NTMP #2 - February 6, 2022
Your weekly dose of new-to-me and hopefully fun-for-you phrases.
This week’s phrases
W-crap * Autocorrectile Dysfunction * Things-in-things * POWER WAFFLES® * Taylordle * Snack account * Beverage trolling * Mega-divorced real-estate failson Donald J. Trump * Serially bankrupt C-list tabloid clown * Backronym * Moon Trees * National Feral Swine Damage Management Program * Megacolon
How about some context for the phrases?
This week we have not one, but TWO marvelous dunks on Trump, which is one of my favorite phrase varieties. Also, feral swine and things going very, very wrong with colons. Coincidence? I THINK NOT.
RIP to Howard Hesseman, who was probably best known for playing Dr. Johnny Fever on the ‘70s sitcom WKRP in Cincinnati - a big fave among my Gen-X cohort. While reading an obit for Hesseman, who by many accounts seemed to be a pretty great guy1, I discovered that ‘WKRP’ was a play on the word ‘crap’ and . . .
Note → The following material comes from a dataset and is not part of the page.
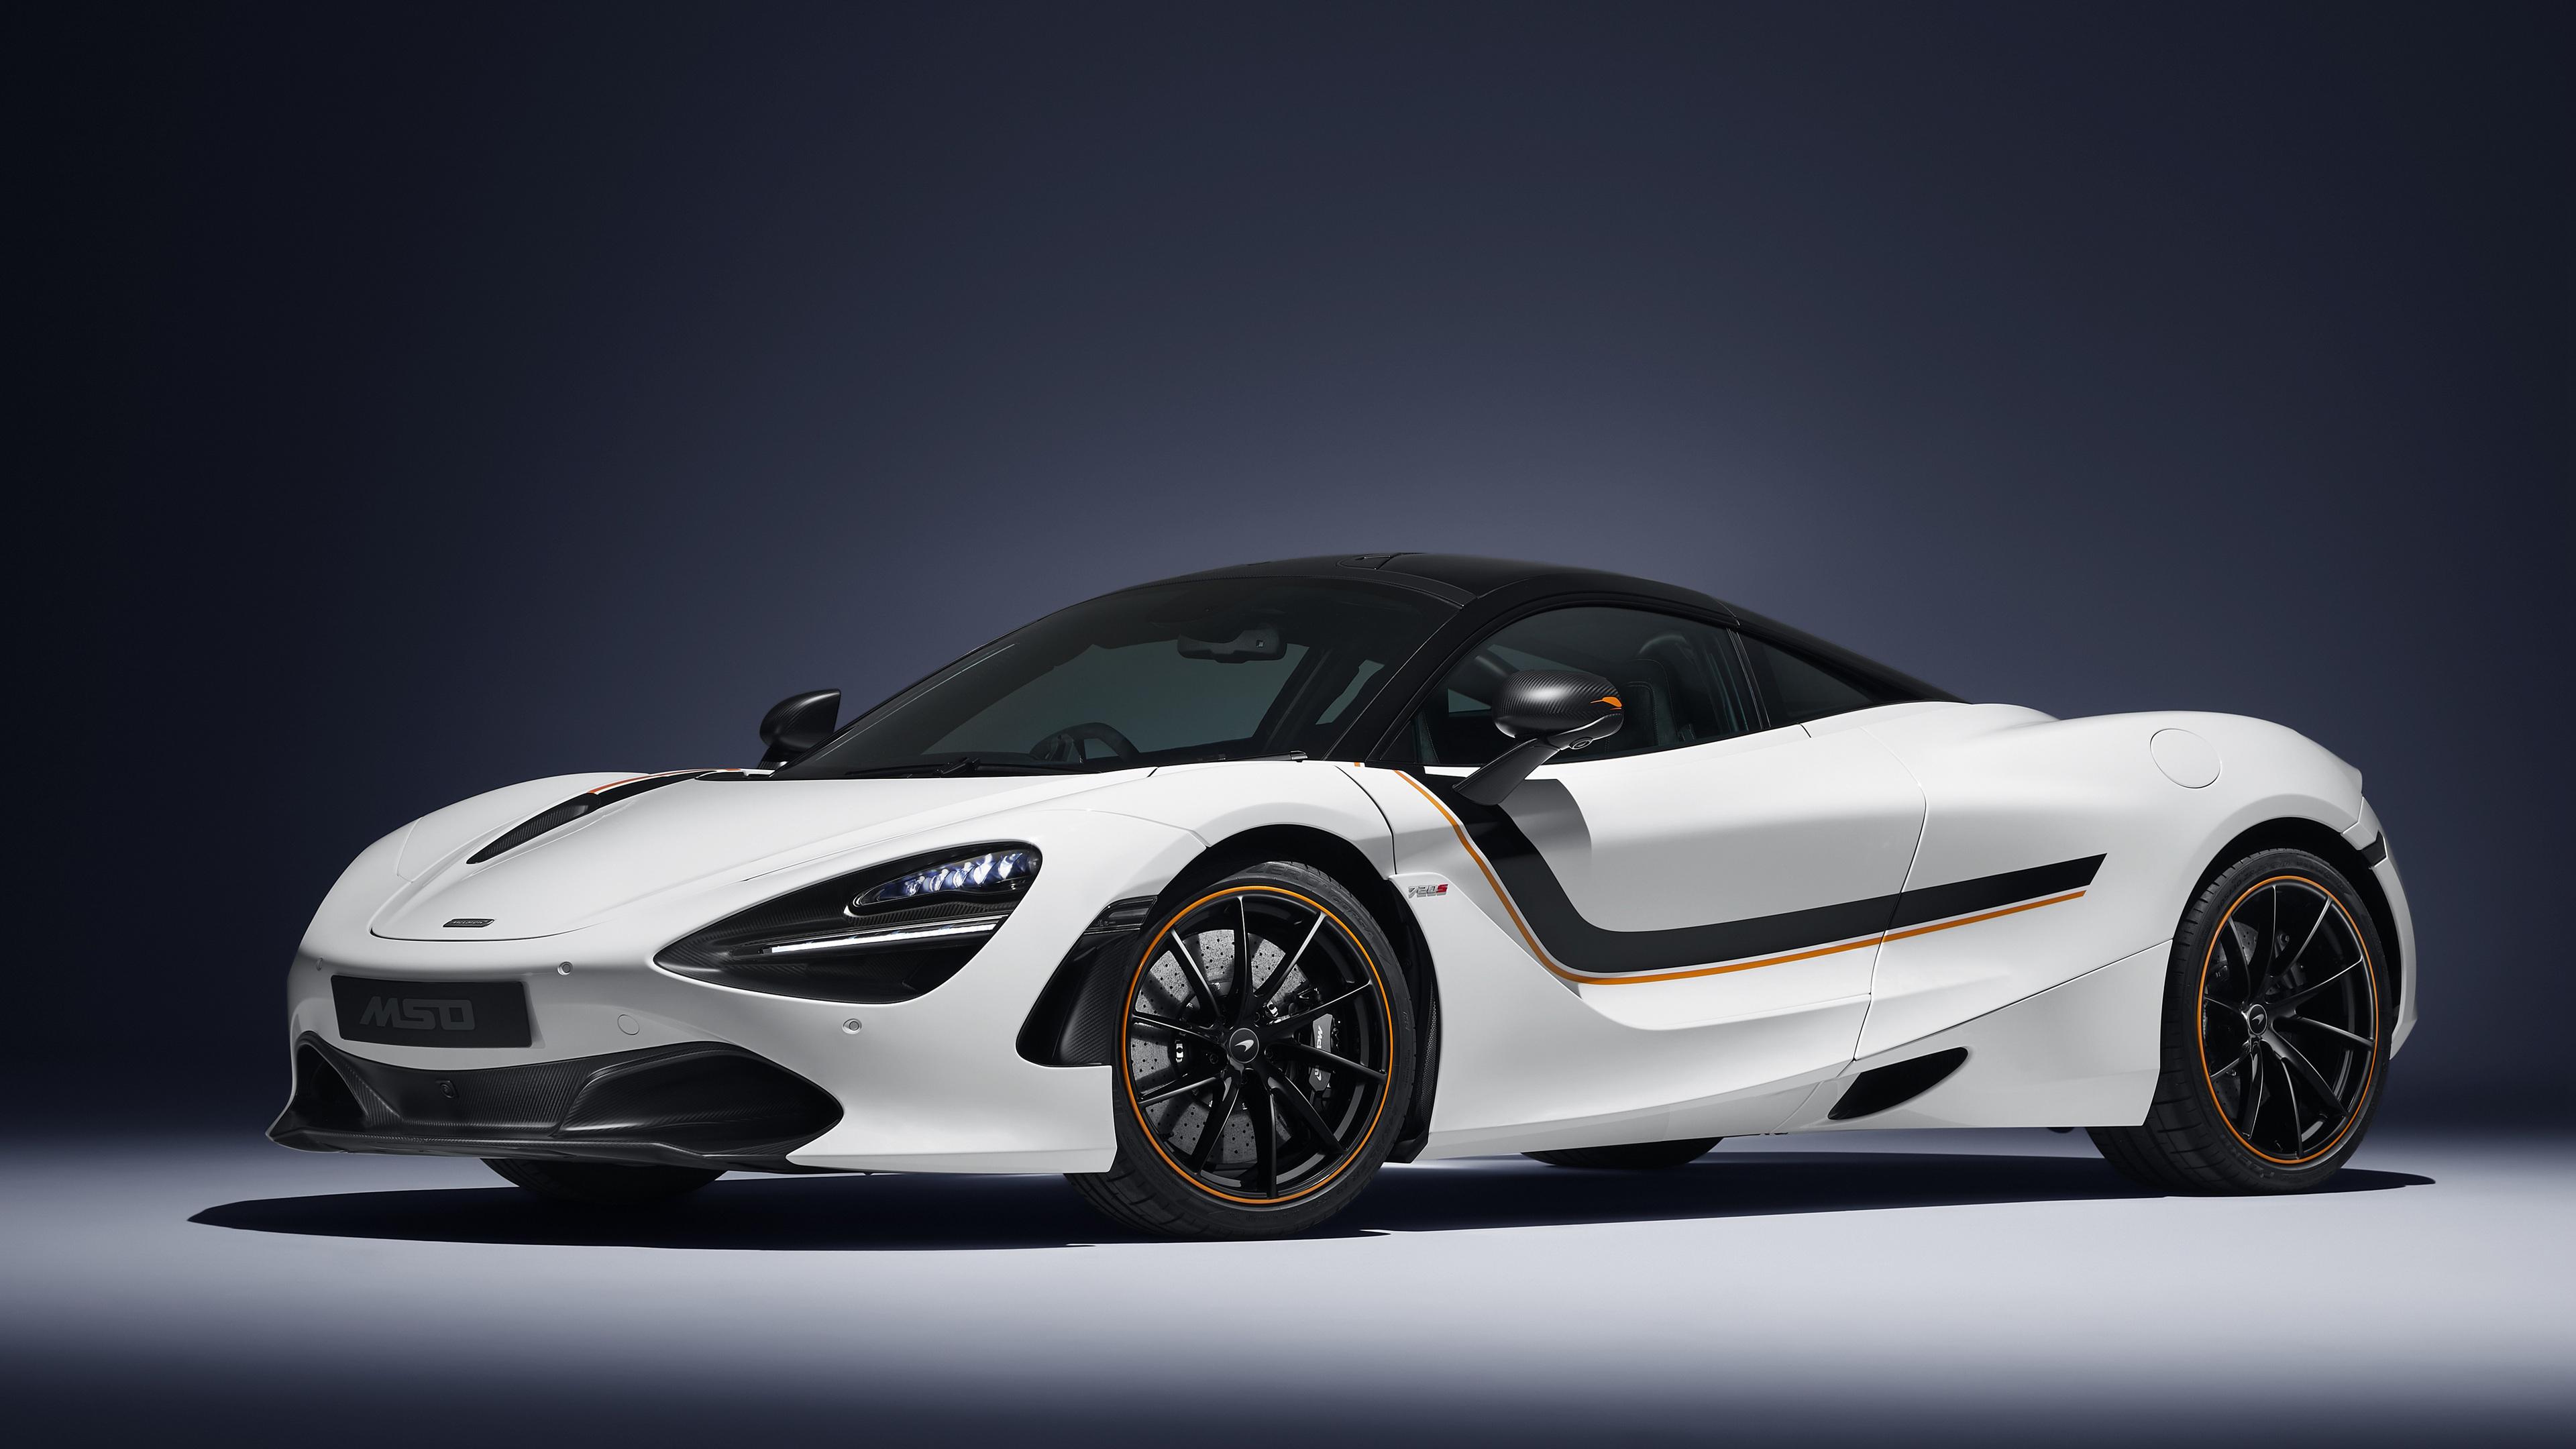 mclaren mso 720s track theme 2018 4k 1539113920 - McLaren MSO 720S Track Theme 2018 4k - mclaren wallpapers, mclaren 720s wallpapers, hd-wallpapers, cars wallpapers, 4k-wallpapers, 2018 cars wallpapers

. . . WHAT? How did I, of all the disgusting and immature people, not catch that? You think you know yourself, and wow.
2. Autocorrectile Dysfunction
My brilliant writer friend Kelly shared this one in our group chat, referencing our frequent misadventures in autocorrect.
From my friend (they know who they are) who worked at a tech company that used this phrase (“internally and colloquially”) to describe the specific types of porn that they would not allow on their platform. Apparently, as long as all of the things were not in any of the other things, then it was cool for users to post those things. Challenge accepted!
My friend added: “It wasn’t a hard and fast rule (heh) just sort of a rule of thumb (heh, again)2.”
4. POWER WAFFLES®
An actual product by Kodiak Cakes that smells INCREDIBLE while toasting. I haven’t tried them yet but my son who eats extra protein for health reasons says they’re really good and don’t taste like protein powder. Which is always a plus in a waffle. Or anything, really.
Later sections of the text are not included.